Halep’ten Kilis’e gelen Mustafa Kemal Atatürk, o gece Kilis'in ileri gelenleri ile yaptığı toplantıda, özellikle şu 3 konu üzerinde durmuştur:
1- Kilis'in etnik yapısı,
2- Erzak durumu, uzun sürebilecek bir savunmada yeterli olup olmayacağı,
3- Halkın bir gerilla savaşına hazır olup olmadığı.
Toplantıda ayrıca, kurulacak direniş örgütünün çalışma stratejisi de belirlenir. Mustafa kemal Kilislilerin gözünde, "Milletin istikbalini yine milletin azmi ve kararlılığı kurtaracaktır" gerçeğini görüyor ve şu sözleri söylüyor: "İlk ayak bastığım Türk toprağındaki bu uyanıklığa cidden hayran kaldım. Ve bir daha iman ettim ki bu millet asla ölmeyecektir. Var olun aziz Kilisliler…"
Geceyi Kilis'te geçiren Mustafa Kemal, sabaha karşı Adana'ya gitmek üzere kentten ayrılır.
Temeli Mustafa Kemal Atatürk tarafından kurulan Kilisli Kuvva-i Milliyeciler, Fransız işgaline karşı büyük kahramanlıklar göstererek, 7 Aralık 1921'de Kilis'i düşman işgalinden kurtarmıştır.
O günkü savaşa katılmış bir Fransız yüzbaşısı Andre Lefevre Taielen daha sonra İkinci Dünya Savaşı'nda Fransız Ordusu'nda generalliğe kadar yükselmiş. 1931 yılında yayınladığı "Guerelle au sein de Cilicie" adlı kitabında bakınız Kilislilerin kahramanlığını nasıl anlatıyor:
"Ben Kilis İşgal Kuvvetleri Komutanlığı'nda görevliydim. Bize verilen talimat, çocuklara ve kadınlara iyi davranmaktı. Sabah erken kalkar.
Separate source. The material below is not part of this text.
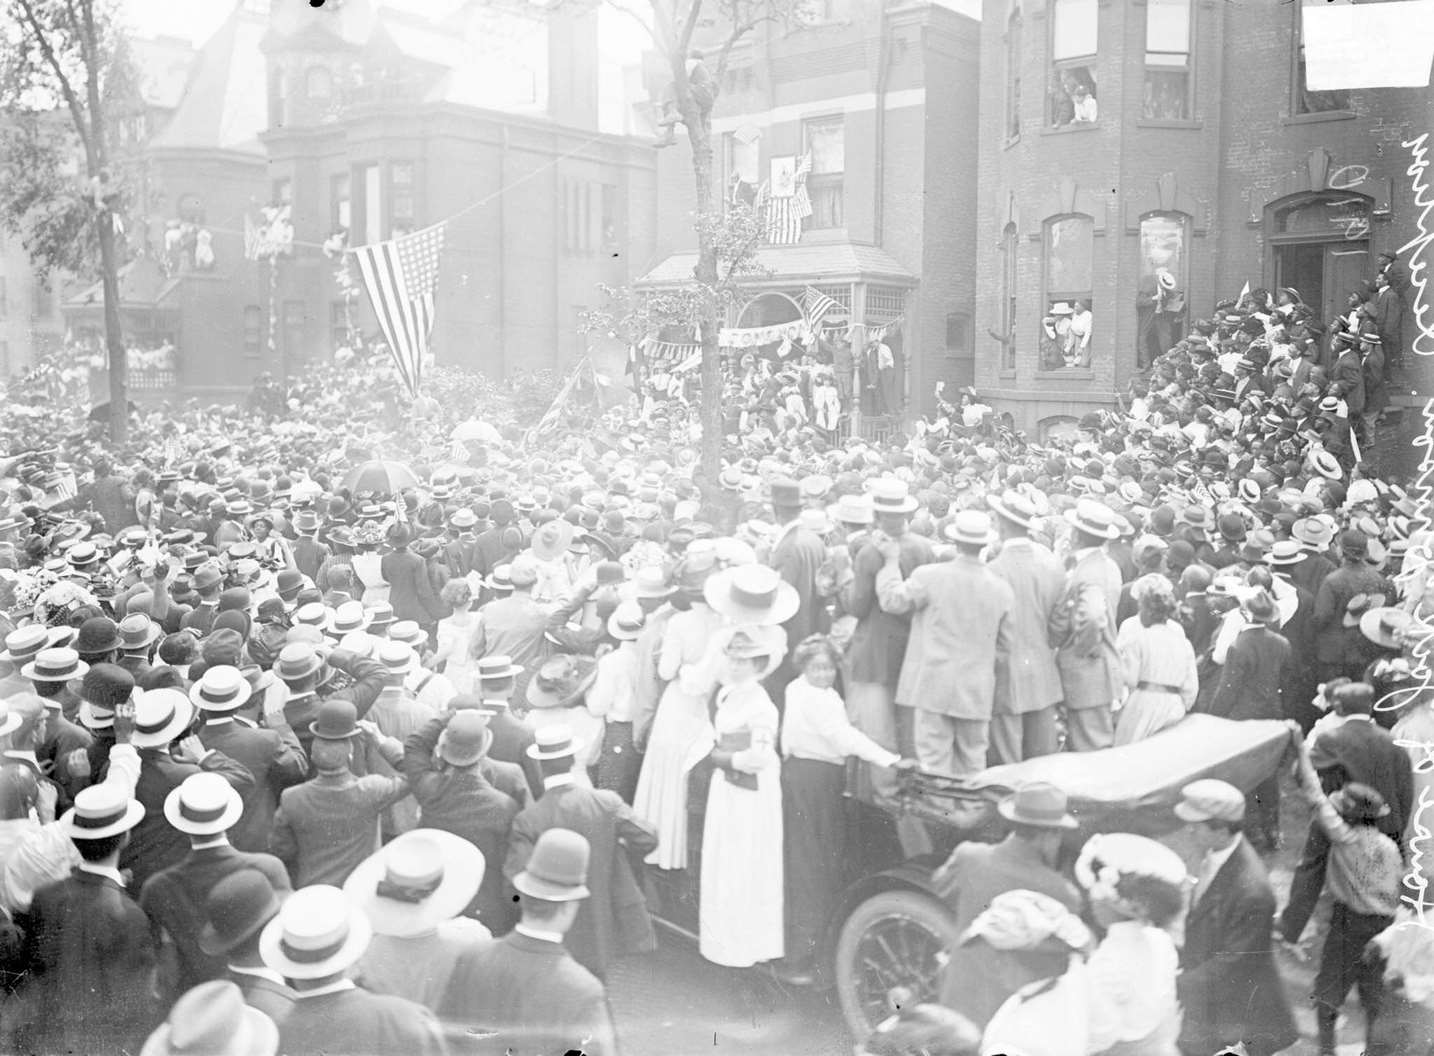 A large crowd of people gathering on the street in front of a house where Jack Johnson's reception was taking place in Chicago, 1910.

Sokakta oynayan çocuklara bisküvi, çikolata dağıtmak istediğimizde, almazlar ve 'Topraklarımızdan gidin' diye yüzümüze haykırırlardı.
Kilis'te görevli olarak kaldığım 9 ay içinde tek bir gece bile rahat uyuyamadım. Kilis'teki Türkler imanlı, mert, cesur ve kahraman insanlardı. Her gün bize saldırıyor ve ağır kayıplar veriyorlardı.
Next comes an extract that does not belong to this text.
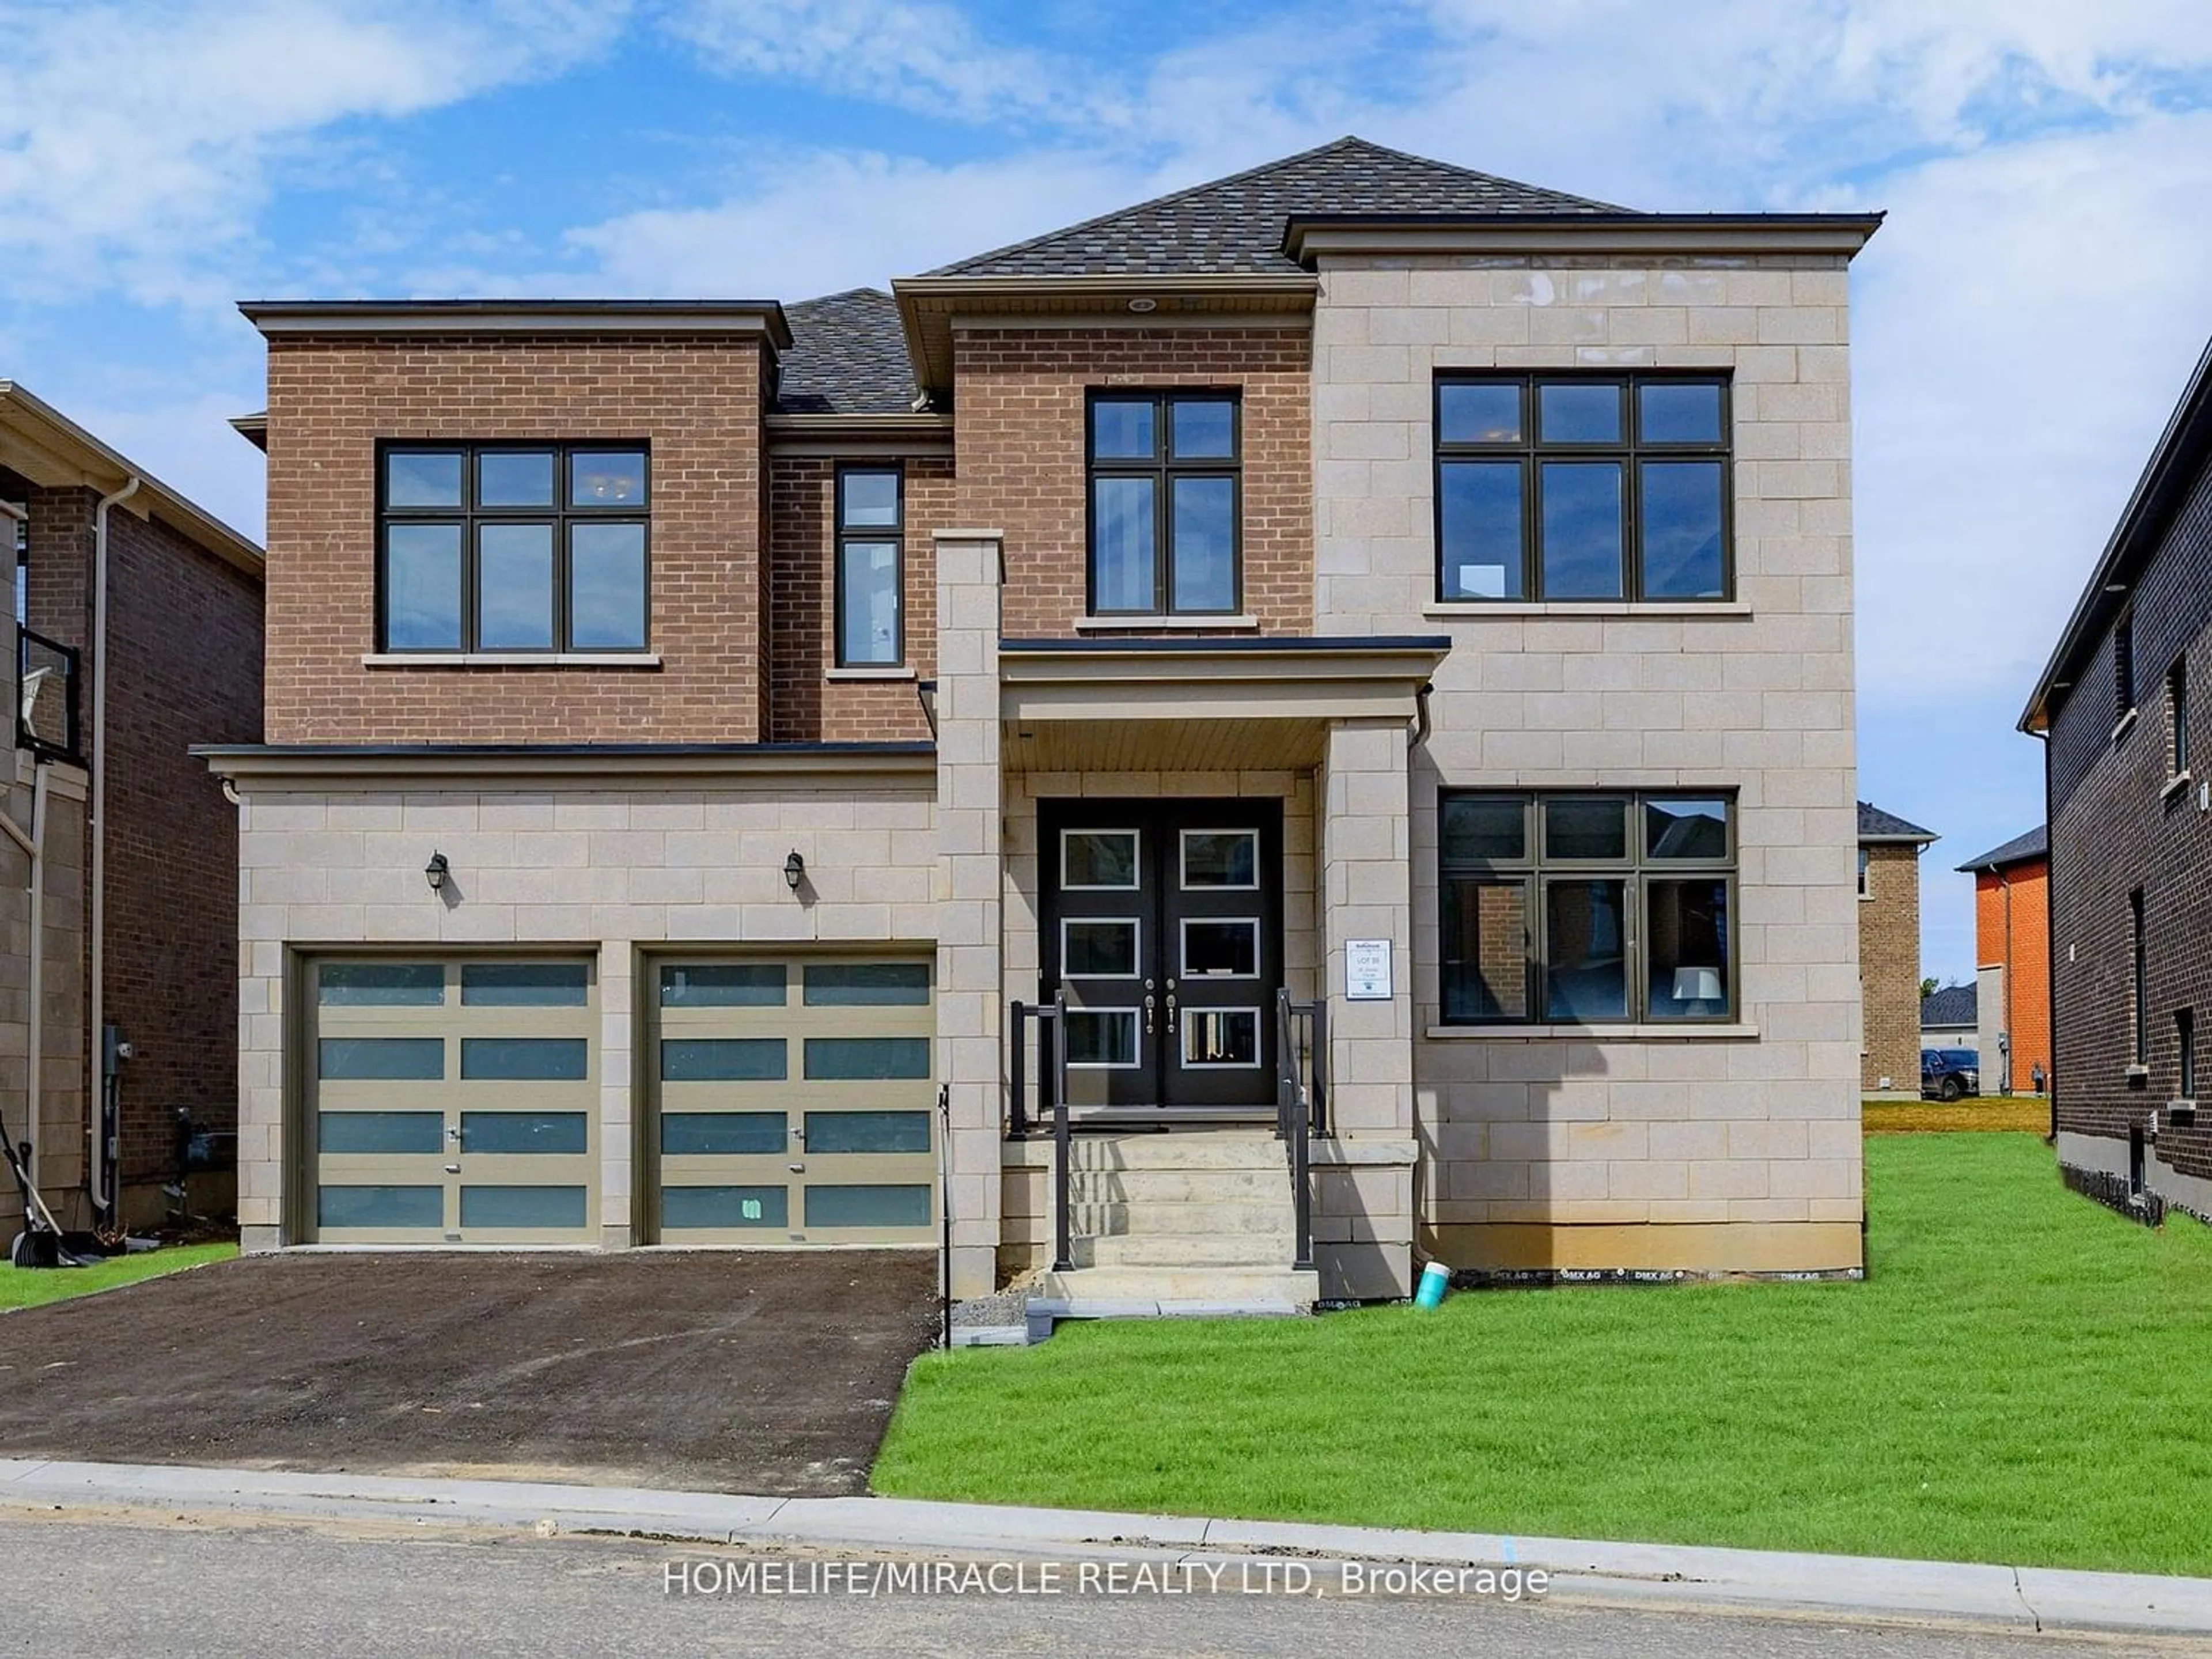 Home with brick exterior material for 25 Joiner Circ, Whitchurch-Stouffville Ontario L4A 4W9

Daha sonra Kilis'ten Gaziantep'e erzak nakledecek İkinci Süvari Bölüğü'nde koruma subayı olarak görevlendirildim. Kilis'ten ne zaman erzak nakliye kolu yola çıksa, yolda Kilisli Kuva-yi Milliyecilerin direnişi ile karşılanır ve geri dönmek zorunda kalırdı. Bu yüzden nakliye kolumuz 3 ay Gaziantep'e geçemedi. Top, tank ve uçak desteği olmadan bunun sağlanamayacağını üst komutanlığa bildirdik. Bu sağlandıktan sonra kısa direnişlerle karşılaşarak yolumuza devam etmeye çalışıyorduk.
Köprüyü geçmiş olarak Antep'e girecektik. Ama olmuyordu. Bir avuç Türk müfrezesi inanılmaz şekilde direniyordu (Şahin bey ve arkadaşları). Kalbimizde hırs değil, takdir hissi vardı. Bir ara gerilerden bağırdılar: 'Tamam Türklerin mermileri bitti.' Bitmişti herhalde ki, ateş kesmişlerdi. Emniyet tertibatı almak gerekiyordu. Tam bu sırada köprü üzerine beş-altı Türk fırladı.
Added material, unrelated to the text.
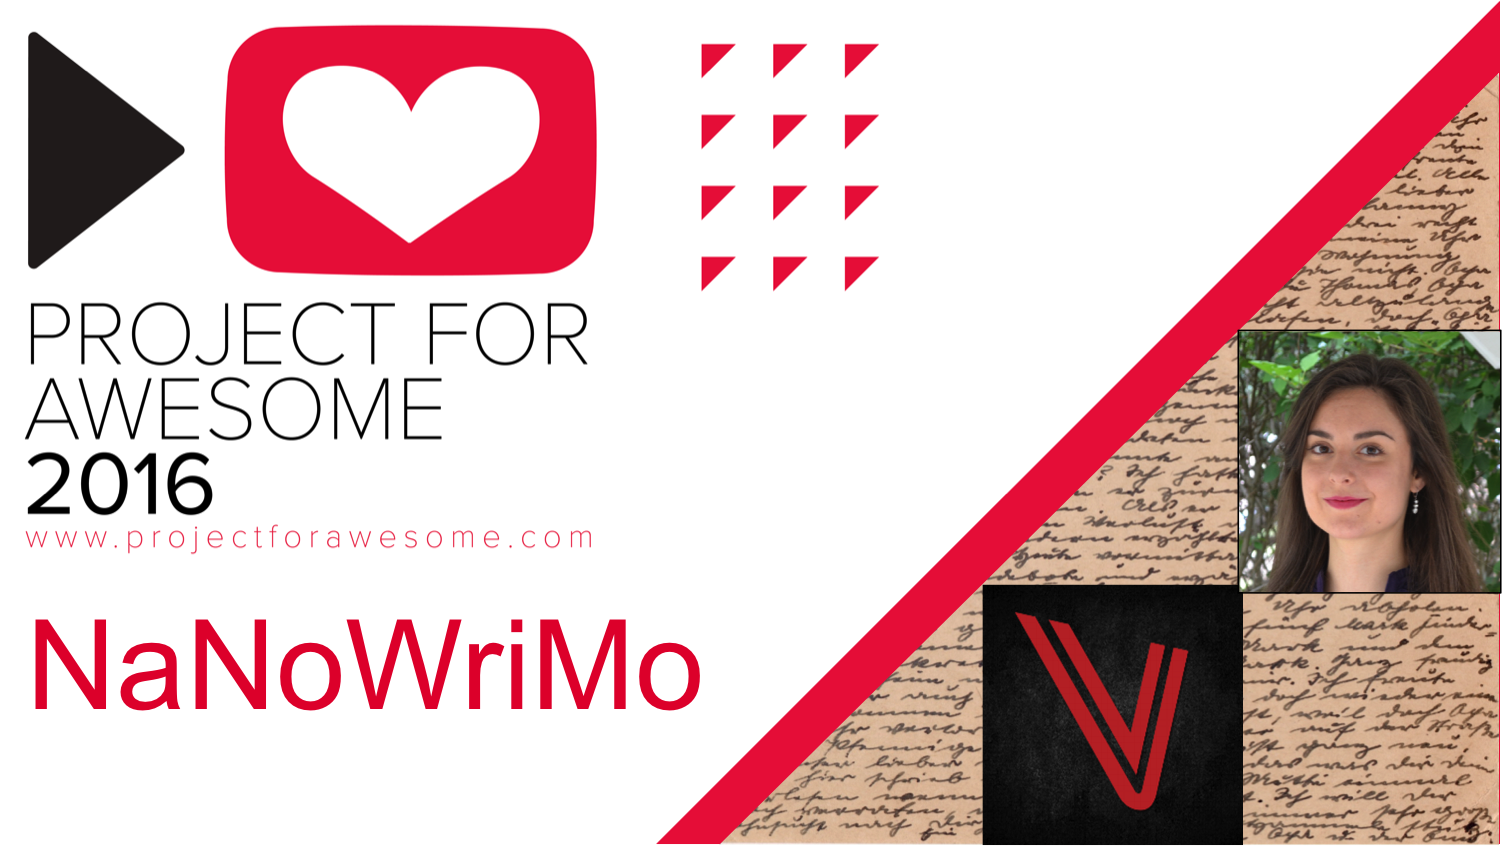 project-for-awesome-2016-nanowrimo1

Başlarında genç bir adam vardı. Subayları olmalıydı. Tanrı bilir ya, ateş etmek istemedik. Yürüdük. Süngüleri davrandılar. Ne yazık ki savaşta kahramanları da öldürmek gerekiyor hedefe varmak için…
On dakika sonra baştaki genç subay ve arkadaşları, diğerleri gibi süngü çatışmasında hayatlarını kaybetmişlerdi. Kilis'ten Antep'e erzak yetiştirdik, ama o genç subayın hayali bütün Kilikya maceramızda, bizi bir gölge gibi kovaladı…"
Atatürk'ün Kilis izlenimleri onur vericidir. Biz Kilisliler olarak vatanın ve milletin bölünmez bütünlüğü noktasında bugün, ecdadımızın gerisinde kalmamamız gerekiyor. Çünkü düşmanlarımız topraklarımızı elimizden alma noktasında dünden daha iştahlı.